1.1 The truncation mechanism.
The issue above was first identified by Kotsogiannis et al.,21 who also formalized the DP policy for relational databases with foreign key (FK) constraints. The essence of their model (a rigorous definition is given in Section 2) is that individuals and their private data are stored in separate relations linked by FKs. This is perhaps the most crucial feature of the relational model, yet it causes a major difficulty in designing DP mechanisms as illustrated above. Their solution is the truncation mechanism, which simply deletes all customers with more than τ orders before applying the Laplace mechanism, for some threshold τ. After truncation, the query has sensitivity τ, so adding a noise of scale τ is sufficient.
Truncation is a special case of Lipshitz extensions and has been studied extensively for graph pattern-counting queries20 and machine learning (ML).1 A well-known issue for the truncation mechanism is the bias-variance trade-off: In one extreme τ=GSQ; it degenerates into the naive Laplace mechanism with a large noise (that is, large variance). In the other extreme τ=0, the truncation introduces a bias as large as the query answer. The issue of how to choose a near-optimal τ has been extensively studied in the statistics and ML communities.2,17 In fact, the particular query in Example 1.1 is equivalent to the 1-dimensional mean (sum) estimation problem, which is important for many ML tasks. A key challenge there is that the selection of τ must also be done in a DP manner.

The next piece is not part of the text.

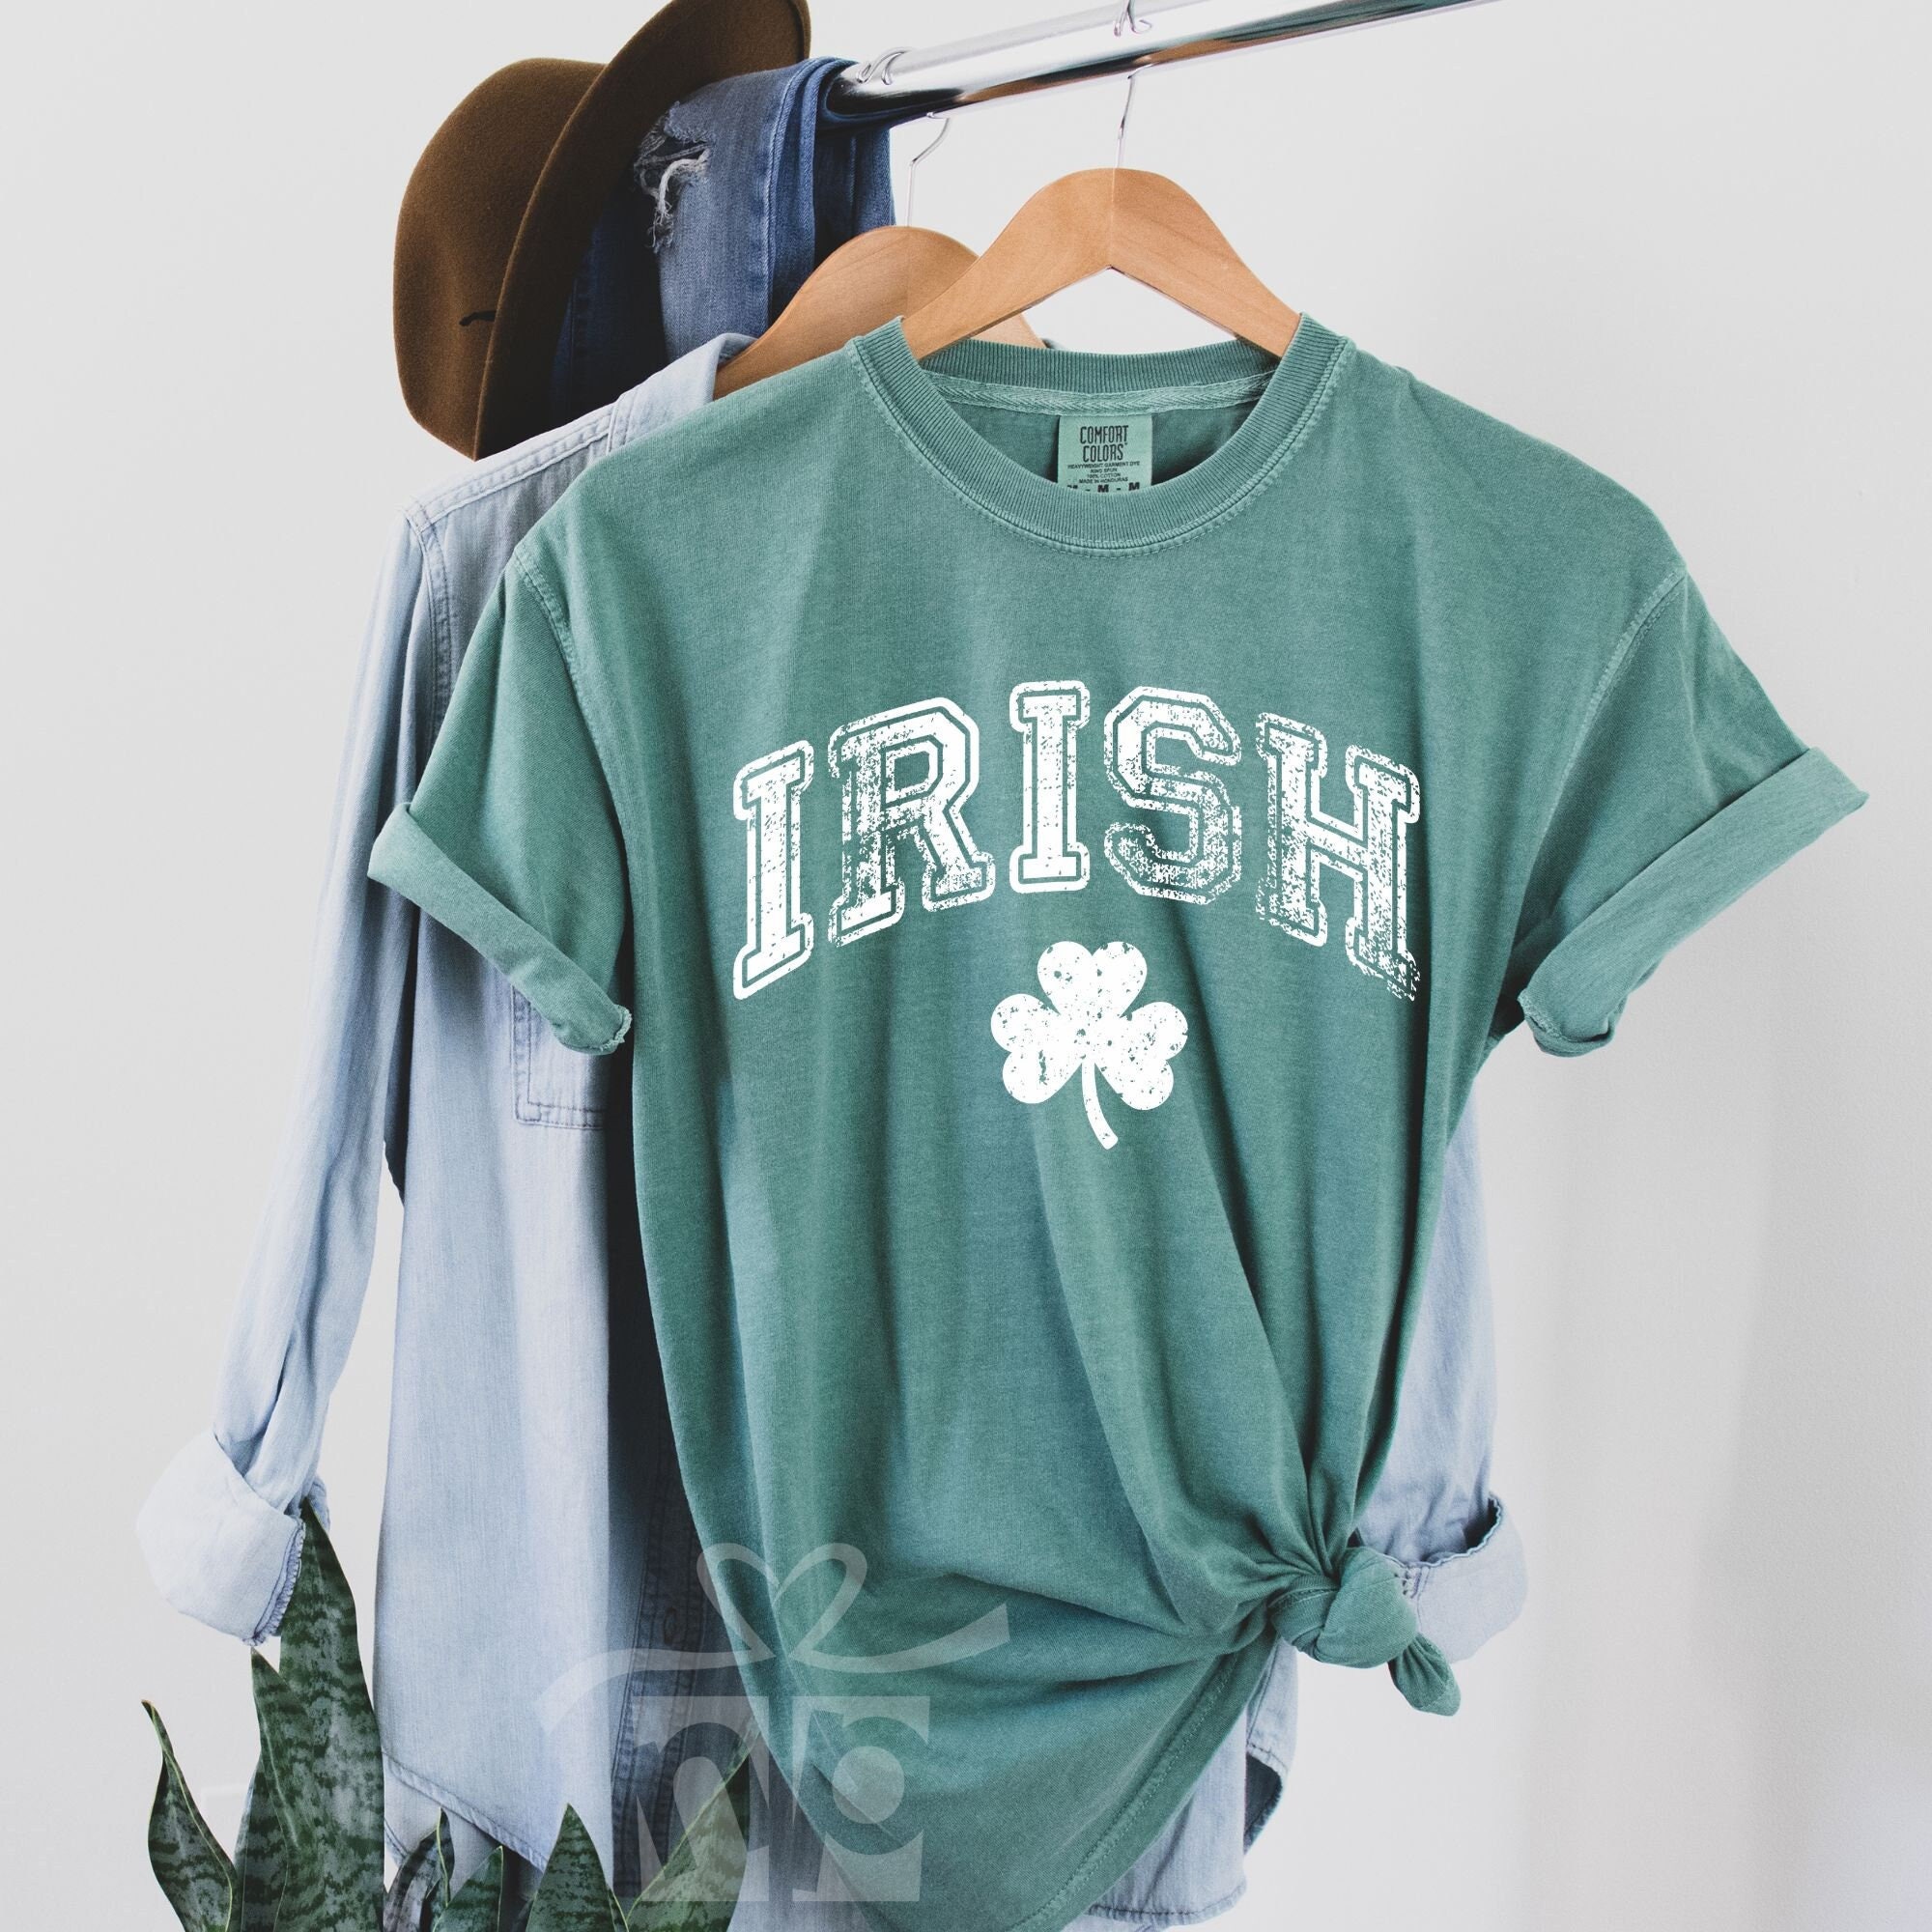 Vintage 90s Genuine Irish Bullshirt T Shirt XL Funny Ireland

1.2 The issue with self-joins.
While self-join-free queries are equivalent to mean (sum) estimation (see Section 3 for a more formal statement), self-joins introduce another challenge unique to relational queries. In particular, all techniques from the statistics and machine-learning literature for choosing a τ critically rely on the fact that the individuals are independent, that is, adding/removing one individual does not affect the data associated with another, which is not true when the query involves self-joins. In fact, when there are self-joins, even the truncation mechanism itself fails, as illustrated in the example below.
Suppose we extend the query from Example 1.1 to the following one with a self-join:Q:=|R1(x1_,…,)⋈R1(y1_,…)⋈R2(x1,y1,x2,…)|.
Note that the PK of R1 has been renamed differently in the two logical copies R1, so that they join different attributes of R2. For instance, R2 may store the transactions between pairs of customers, and this query would count the total number of transactions. Again, predicates can be added to make the query more meaningful.
Let G be an undirected τ-regular graph (that is, every vertex has degree τ) with n vertices. We will construct an instance I=(I1,I2) on which the truncation mechanism fails. Let I1 be the vertices of G and let I2 be the edges (each edge will appear twice as G is undirected). Thus, Q simply returns the number of edges in the graph times 2. Let I′ be the neighboring instance corresponding to G′, to which we add a vertex v that connects to every existing vertex. Note that in G′, v has degree n while every other vertex has degree τ+1. Now truncating by τ fails DP: The query answer on I is nτ, and that on I′ is 0 (all vertices are truncated). Adding noise of scale τ cannot mask this gap, violating the DP definition.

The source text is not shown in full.